- Samuel's Blog - https://samuelgordonstewart.com -

Counter-intuitive

Google are very pleased with themselves at the moment as they recently purchased reCAPTCHA [1], one of the many organisations behind those squiggly sets of letter and number which attempt to make you prove that you are human and not an evil spamming robot.

CAPTCHAs, in order to work as intended, rely on the fact that computers have a hard time reading the squiggly text, but Google and reCAPTURE seem to want to make it easier for computers to recognise the squiggly text.

Since computers have trouble reading squiggly words like these, CAPTCHAs are designed to allow humans in but prevent malicious programs from scalping tickets or obtain millions of email accounts for spamming. But there’s a twist — the words in many of the CAPTCHAs provided by reCAPTCHA come from scanned archival newspapers and old books. Computers find it hard to recognize these words because the ink and paper have degraded over time, but by typing them in as a CAPTCHA, crowds teach computers to read the scanned text.
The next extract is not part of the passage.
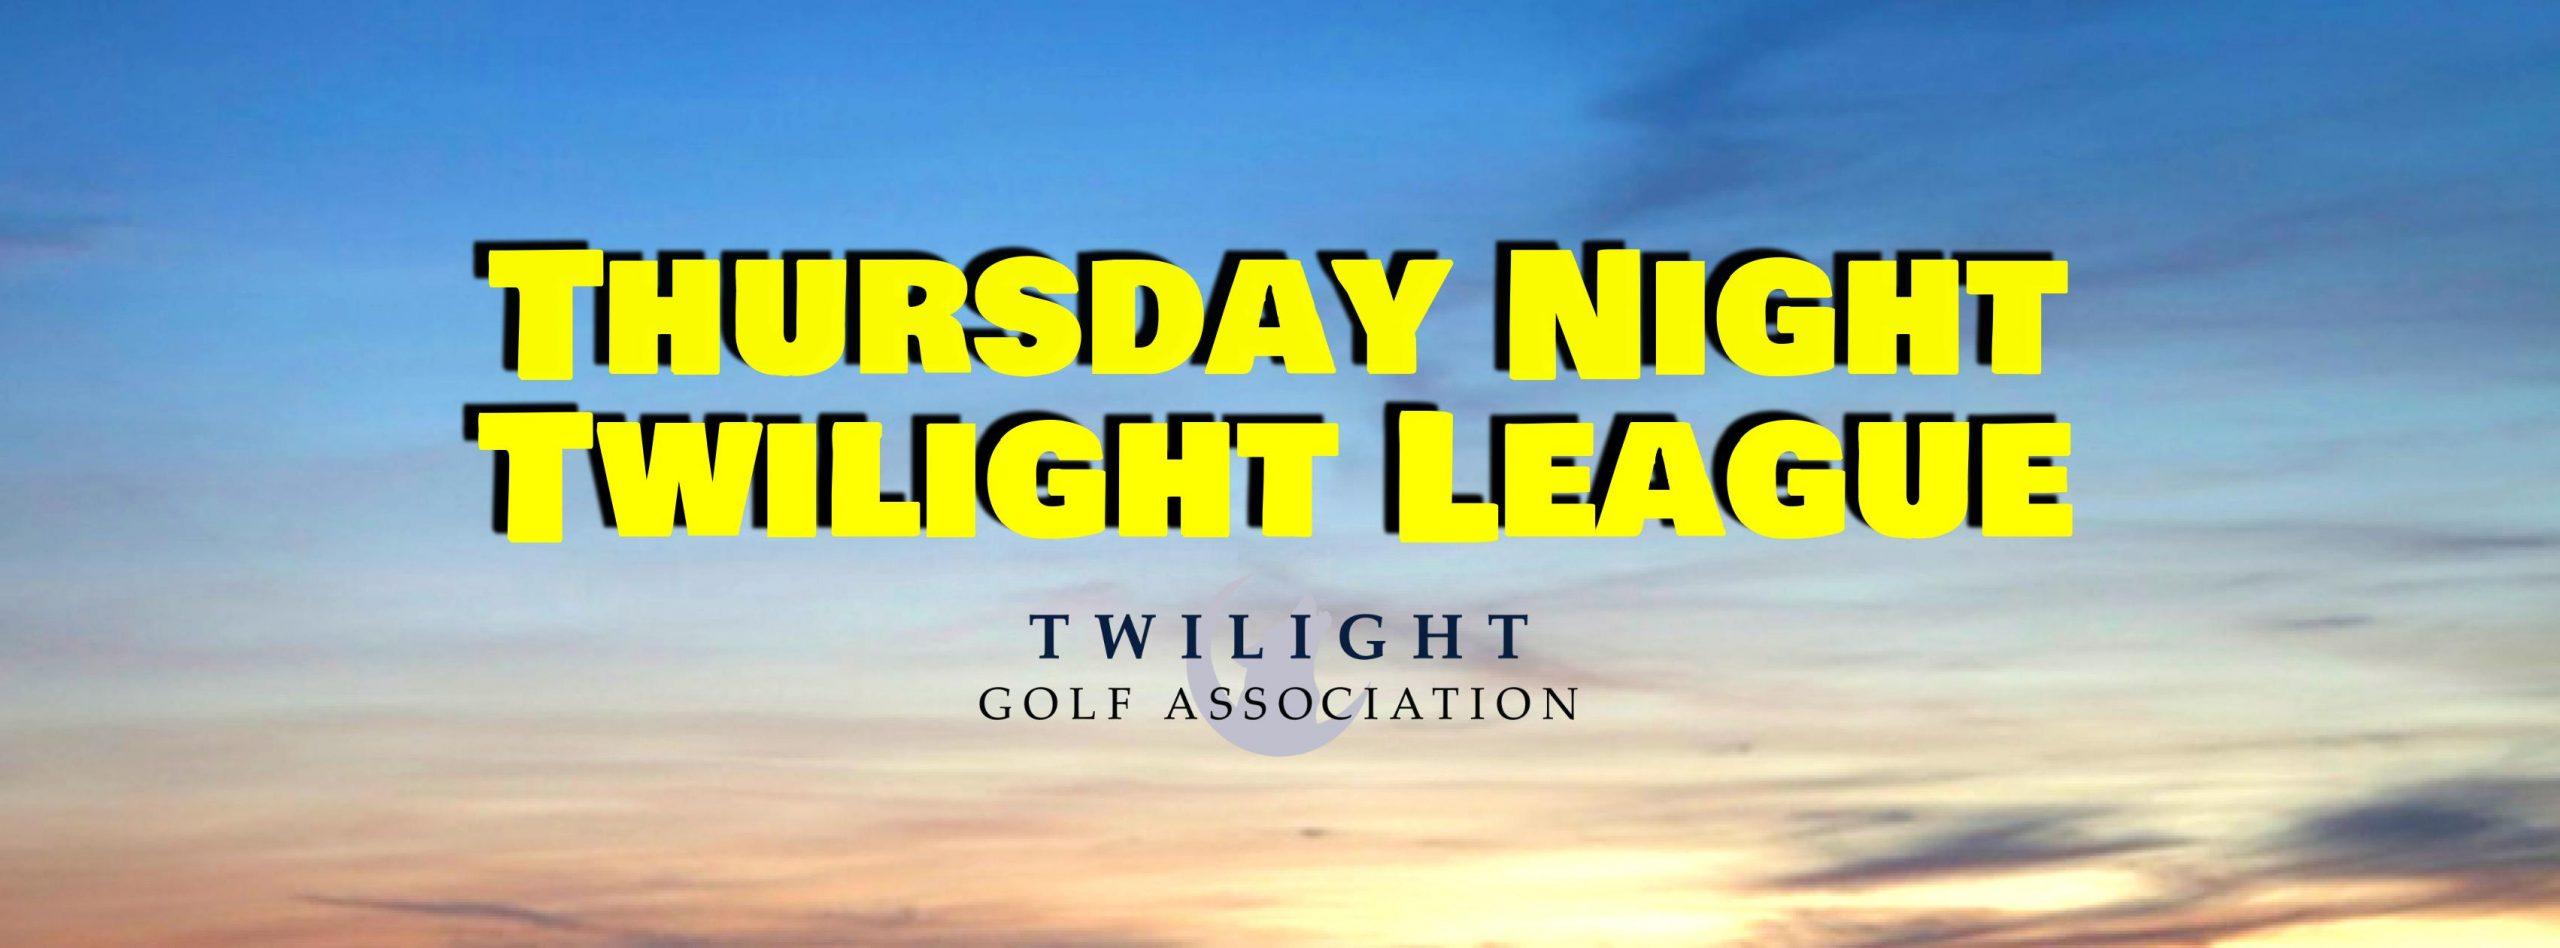 Thursday Night Twilight League at Gambler Ridge Golf Club
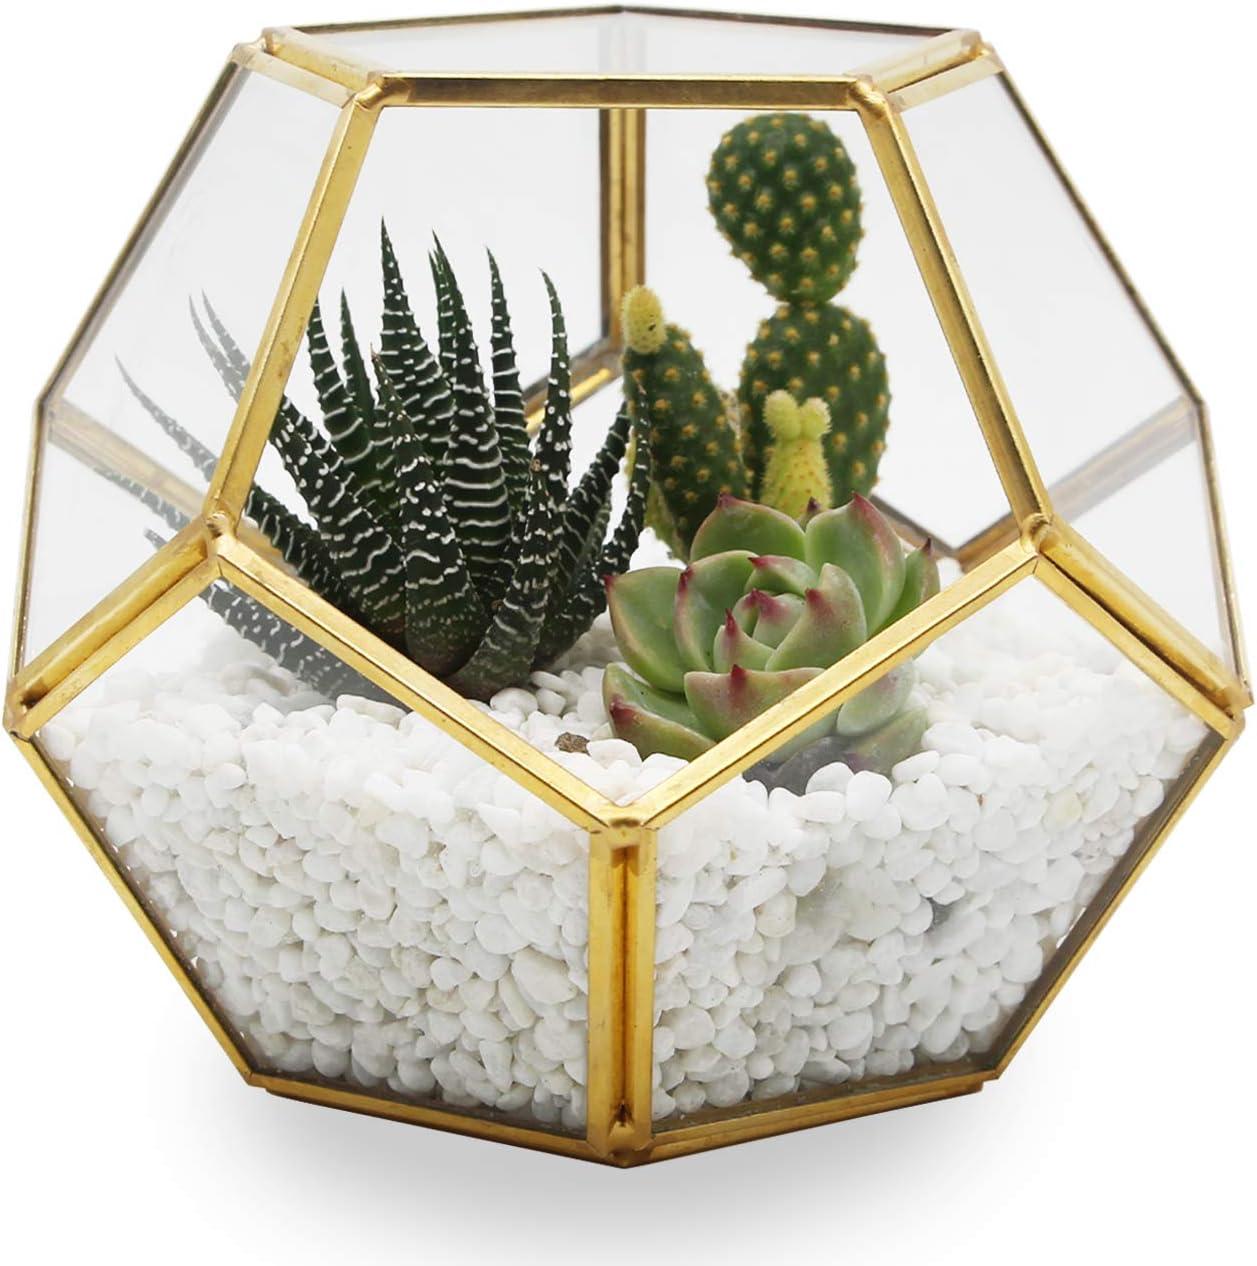 1x Geometric Moss Succulent Glass Terrarium Plant Pot Display Flower Vase Holder

In this way, reCAPTCHA’s unique technology improves the process that converts scanned images into plain text, known as Optical Character Recognition (OCR). This technology also powers large scale text scanning projects like Google Books and Google News Archive Search.

In this way, reCAPTCHA’s unique technology also improves computers’ ability to read CAPTCHAs, therefore defeating the whole process…although, it could already be defeated. If the letters are coming from ancient scanned newspapers, and reCAPTCHA is relying on you, the human, to teach it what the letters are, does that not therefore mean that reCAPTCHA has no idea what the letters are in the first place, and will let you in regardless of what input you provide?

Presumably reCAPTCHA is providing a combination of characters that it does and does not know in each capture, requiring you to enter the known characters correctly and hopefully the others correctly as well…but this still defeats the purpose of the CAPTCHA, as by teaching the computer how to read the squiggly text, CAPTCHAs would have to grow in complexity over time in order to stay ahead of the reading ability of computers.

And surely it is just a matter of time, if it hasn’t already happened, until malware starts taking note of what you enter for a given CAPTCHA, so that the bad guys have a CAPTCHA based Optical Character Recognition database of their own.

Samuel